Q-scores, what they mean, and why sometimes bigger isn't necessary
High throughput sequencing metrics: Q-scores, what are they good for?
If you've done sequencing in the last 30 years, you've heard of a Q-Score and you probably know that they're a measure of quality.
But what you might not know is where this metric came from.
The idea of base quality scores emerged in the early 1990's as a result of the automation of Sanger sequencing.
These new systems used fluorescent dye terminators instead of radioactively labeled ones.
This meant that instead of looking at bands on a gel to determine the sequence, scientists now analyzed fluorescence and so a program called 'Phred' was developed to make accurate base calls from the fluorescence intensity plots.
But a huge advancement in Phred was the inclusion of a quality score for each base call that it made.
We lovingly refer to these today as Q-scores!
These Q-scores are a log based estimation of the quality of the call.
Phred determined this originally based on an error estimation that took into account the peak height and shape of the fluorescence 'trace' for each base.
Today, these scores are calculated somewhat similarly in that they're still the log of an error estimation, but the factors that go into that estimation can be quite complicated!
The Q-scores we deal with most frequently range from 10-50 and they have the following accuracies:
Q10 - 90%
Q20 - 99%
Q30 - 99.9%
Q40 - 99.99%
Q50 - 99.999%
'So is there a benefit to having a higher Q-score or are they just a marketing scam?'
That's complicated.
They're not a scam since most pipelines Q20 or Q30 trim their base calls to be sure that only bases with a quality of >99% make it into downstream analysis.

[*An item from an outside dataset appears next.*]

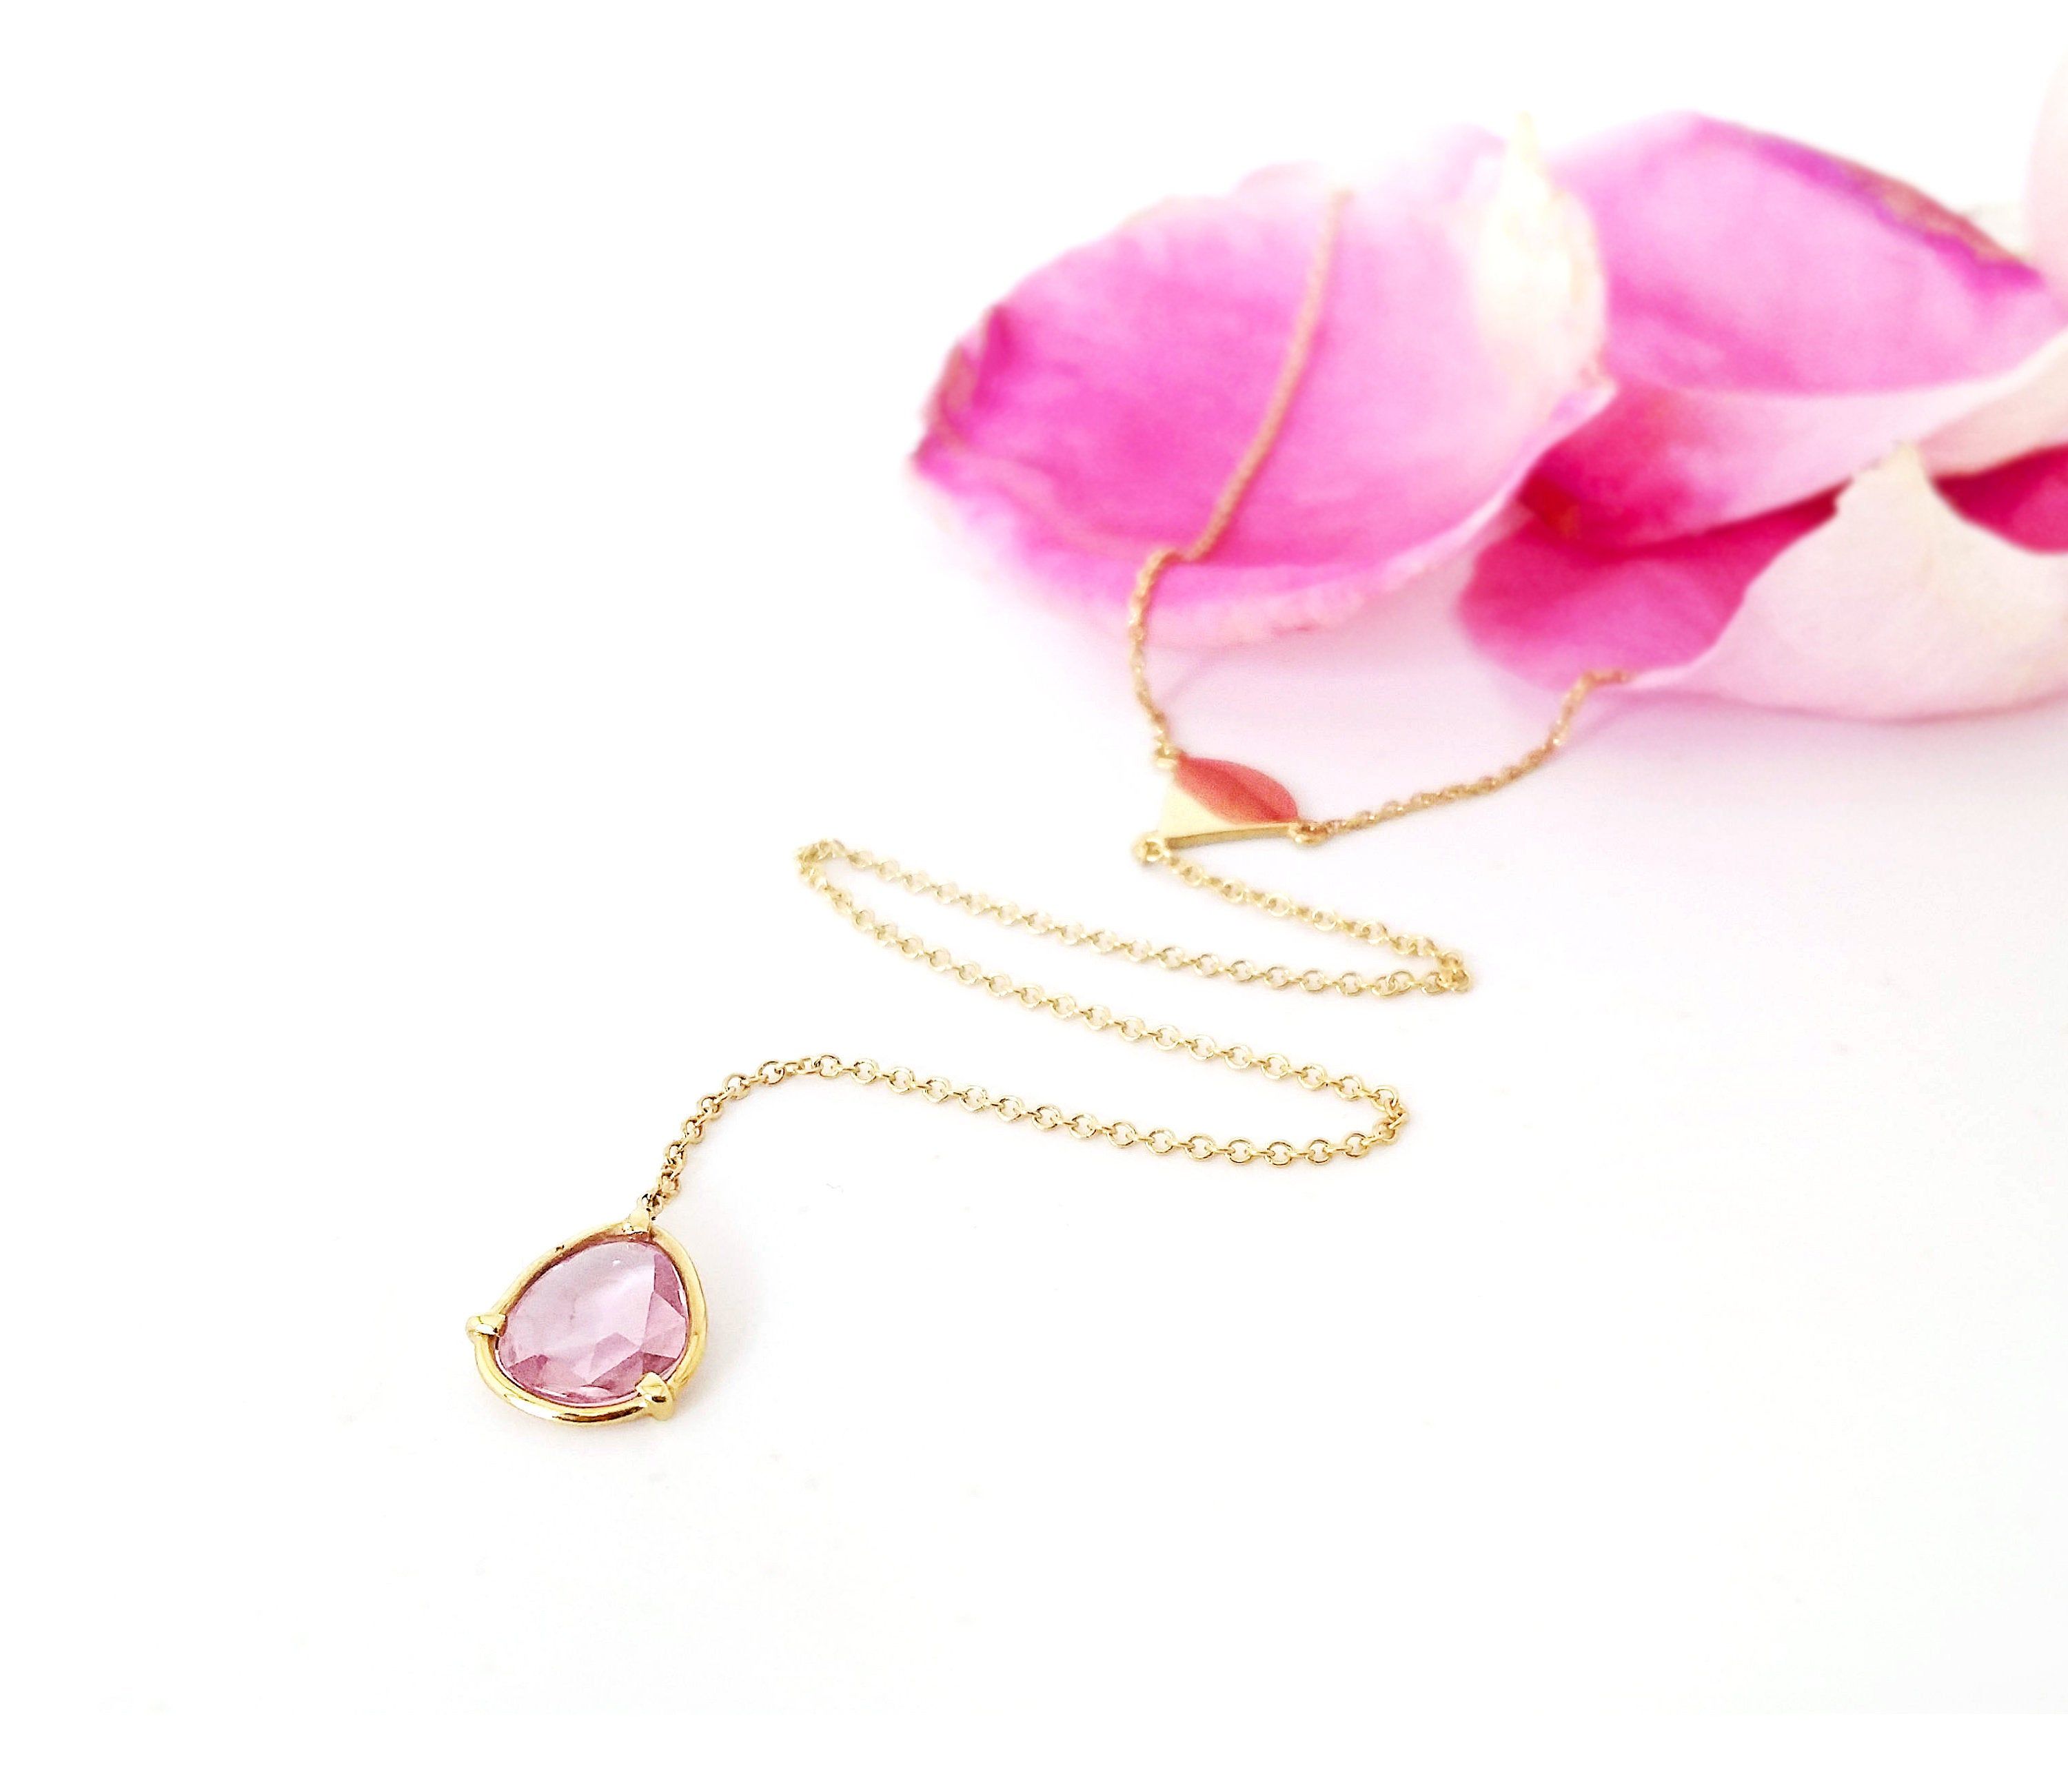 14k Solid Gold Y Necklace, Pink Sapphire Necklace, 14k Gold Lariat  Necklace, Dainty Y Necklace, Simple Lariat Necklace, Gift For Girlfriend Intended For Newest Lariat Pink Sapphire And Diamond Necklaces (View 19 of 25)

'But is there a difference in the usefulness of a Q50 dataset over a Q20 dataset?'
It really depends on the application.
Something we hear about constantly in the whole genome sequencing space is the need for 30x coverage for us to make heterozygous (het) variant calls.
This is important because, if you remember, your genome is composed of two copies of DNA: one from your mom and the other from your dad.
So every position in your genome can be homozygous (same sequence from both parents) or heterozygous (different sequence from each parent).
Interestingly, sampling statistics (math) say that to be >99% certain of a heterozygous base call, you need to look at each position in the genome 30 times.
But even more interestingly, if you look at plots of variant call accuracy vs coverage for Q20, Q30, or Q40 data, they all converge on ~30x coverage for >99% het variant calling!
'So it is a scam!!!'
No, it's just math.
There are applications where higher quality bases are useful, especially in oncology or therapeutics where the variants you care about aren't at frequencies of 50% and 100%, but sub 1% or even lower.
Here, Q40 (99.99%) or Q50 (99.999%) really shine because then the error of the base calls isn't fighting with the frequency of the variants!